Want to join the conversation?
- This is kind of off topic but can we also use cross product to calculate the area of the parallelogram? like v1 cross v2? If so, they would be different method to achieve the same answer?(9 votes)
- Yes, you can. The cross product is used to do this is the last few videos in the calculus playlist. A good way to see why is to consider the alternate way of calculating the cross product.(6 votes)
- Does this work for any kind of area or only for parallelograms?(4 votes)

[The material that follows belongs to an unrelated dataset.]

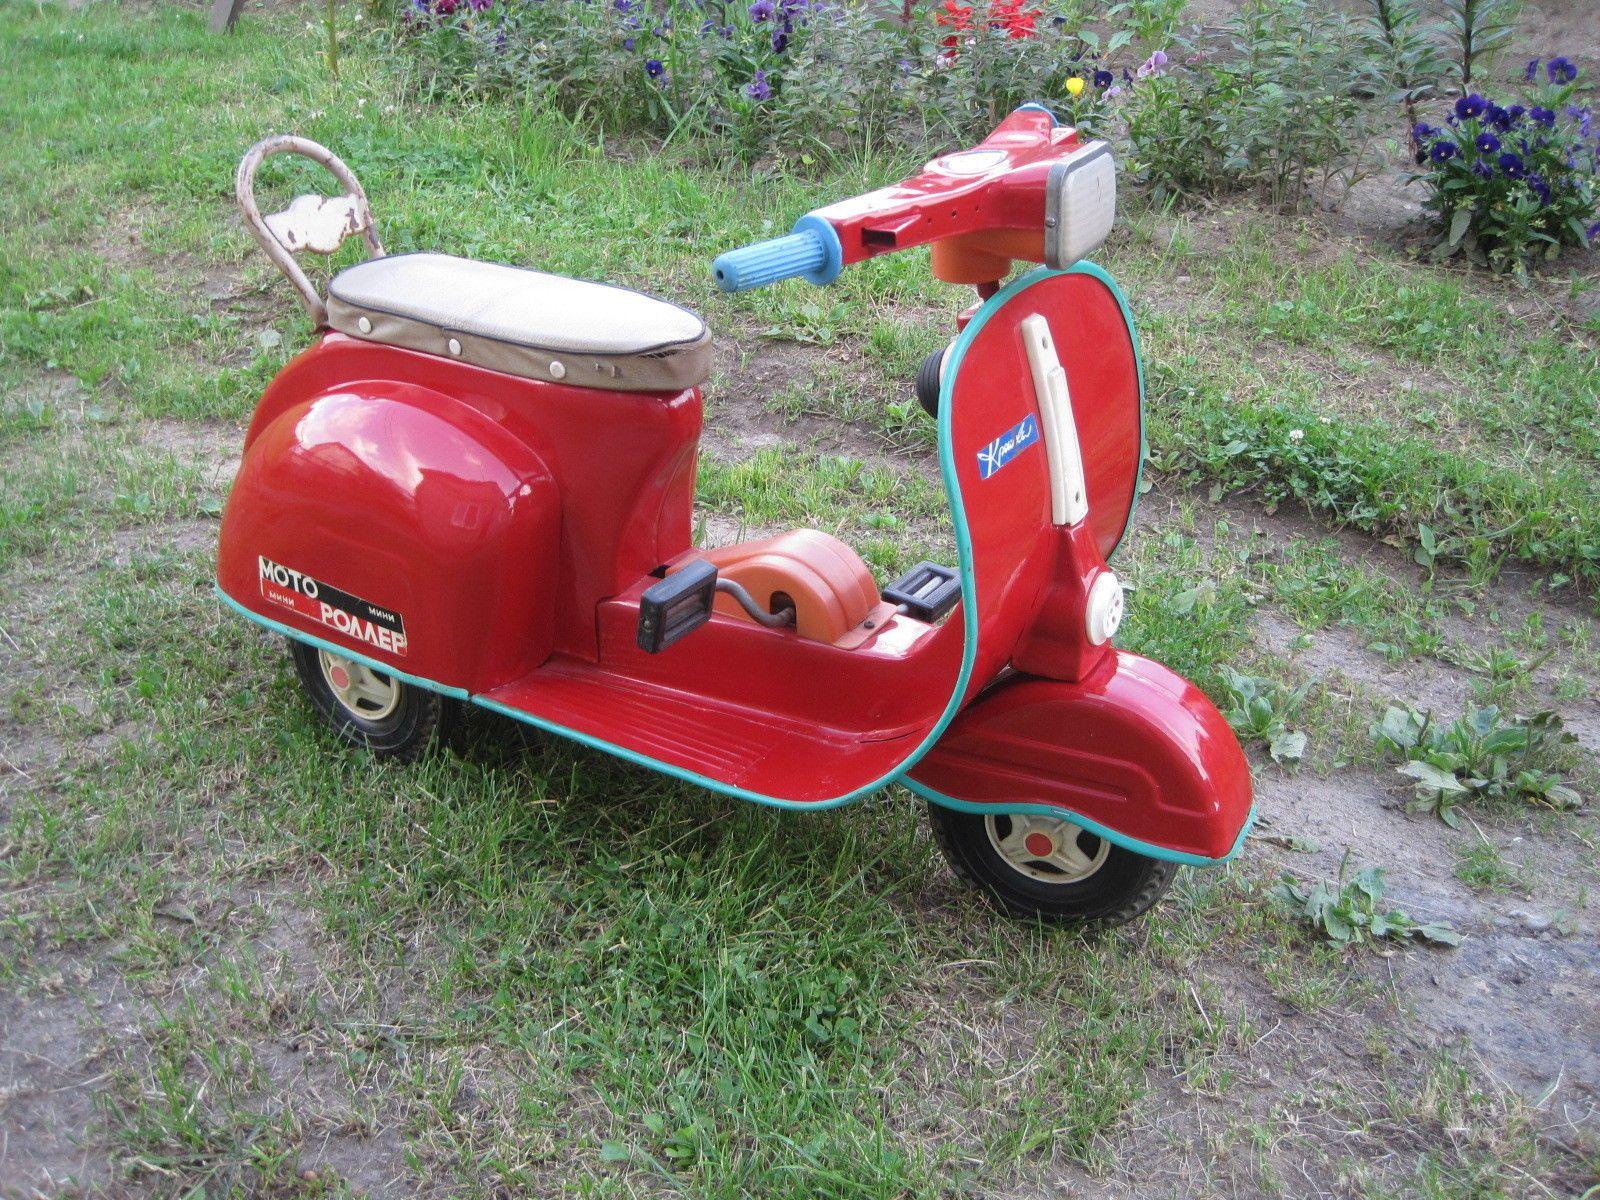 Scooter pedal the USSR car original , Russian Vespa Soviet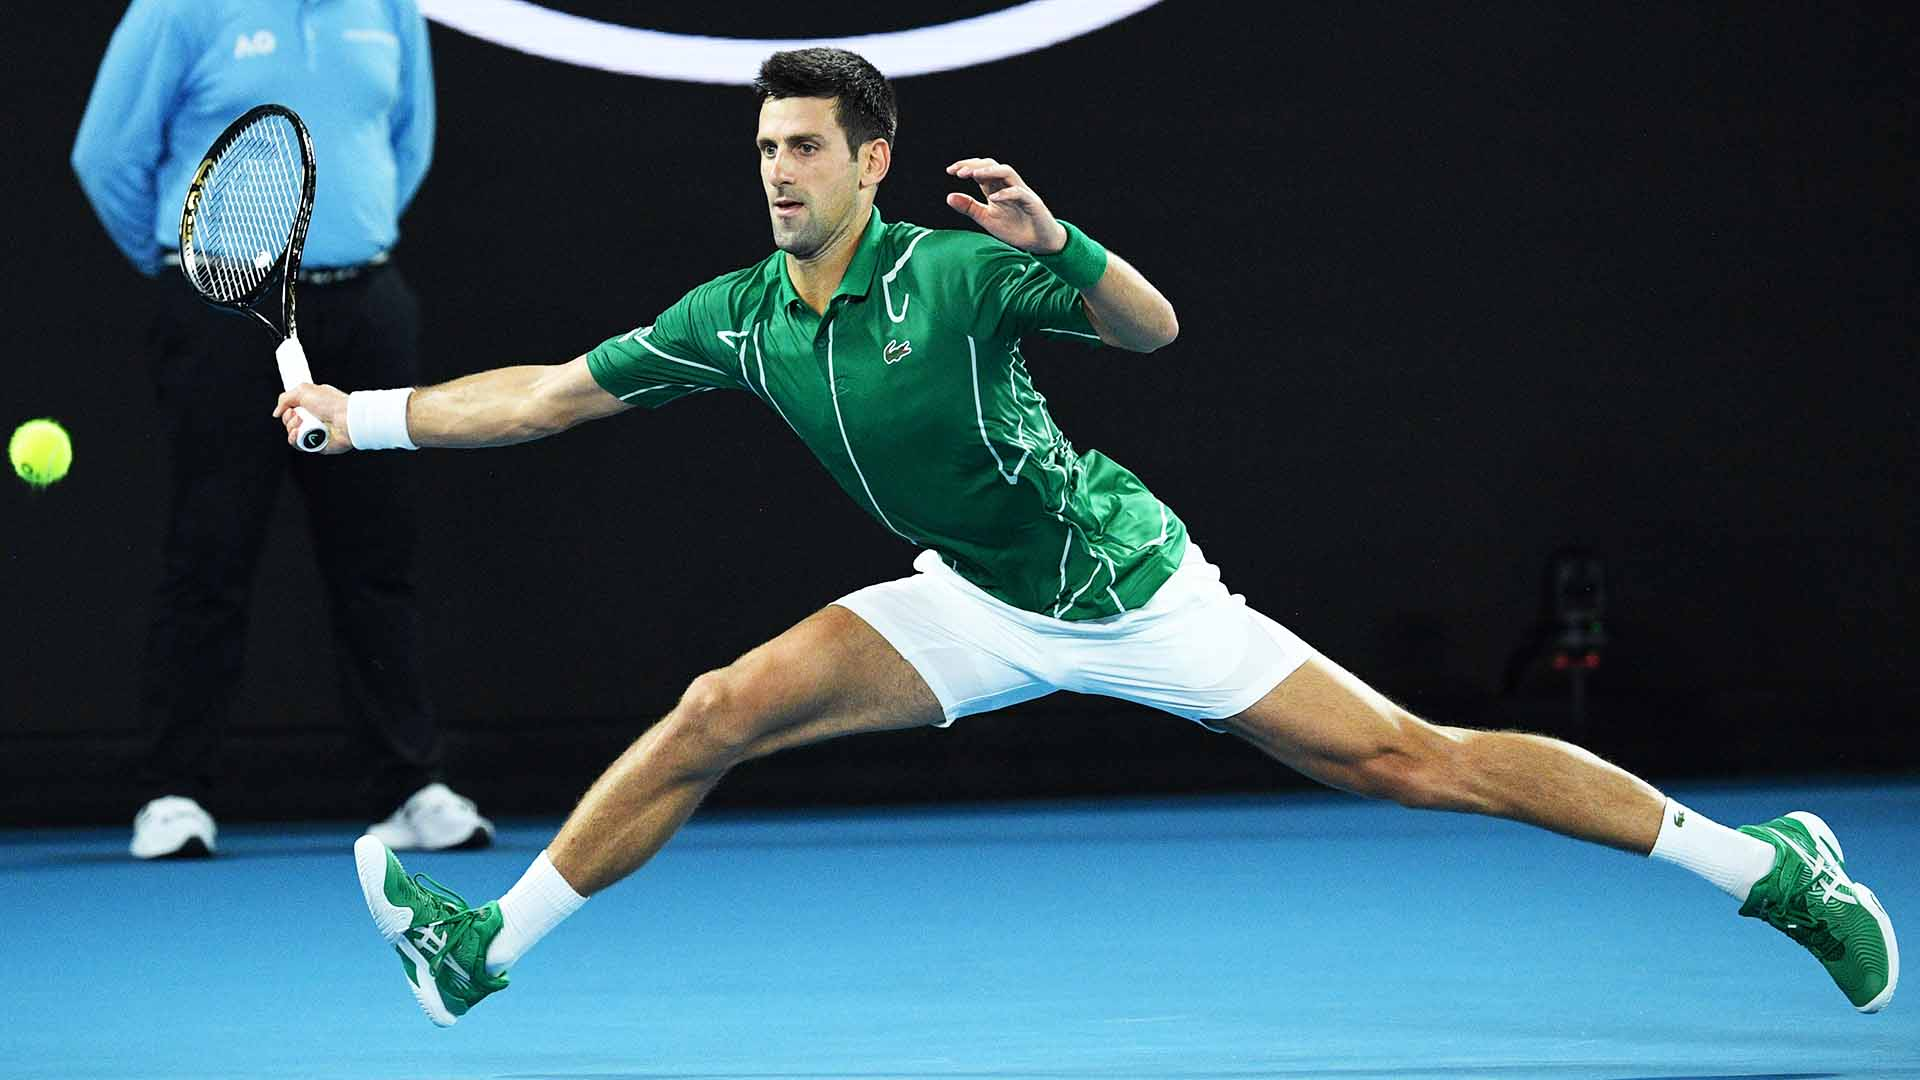 <a href='https://www.atptour.com/en/players/novak-djokovic/d643/overview'>Novak Djokovic</a> is unbeaten in 2020.

- Half of the parallelogram is the triangle created by v1 and v2 so you can find the area of a triangle as being the absolute value of half of the determinant.(5 votes)
- Does this extend to higher dimensional vectors?(6 votes)
- I think it at least applies to 3 dimensions:
http://en.wikipedia.org/wiki/Parallelepiped#Volume
And apparently for higher dimensions, the volume is equal to the determinant of the Gram matrix (but I don't yet understand the Gram matrix very well)(3 votes)
- that was really neat and beautiful(5 votes)
- Hi, this might be kind of weird question out of the blue. But would taking the determinate of a vector be somewhat similar to taking the integral of a function (where both of them seeks for the area)?(2 votes)
- That is a good line of thought.
This is what i think....Having given it a thought.
A vector has magnitude and direction. It has a zero determinant.
Given a linear function above the x-axis(for simplity), the integral of the function is the area under the graph.
This linear function can also be thought of as
line kV1(scaler multiples of some vector v1) through the origin or
Vo + kV1 where the scaler multiples start off from a vector Vo.
This line can be seen as a matrix-vector product
T = AX taking an input Rn and mapping it to R1.
Meaning it takes a vector in Rn and squishes it to a line.
Now finding the determinant of A(the transformation matrix) is 0. det(A).
That is, the determinant of the transformation matrix is 0 and the determinant of the line (if viewed as a long vector) is also zero.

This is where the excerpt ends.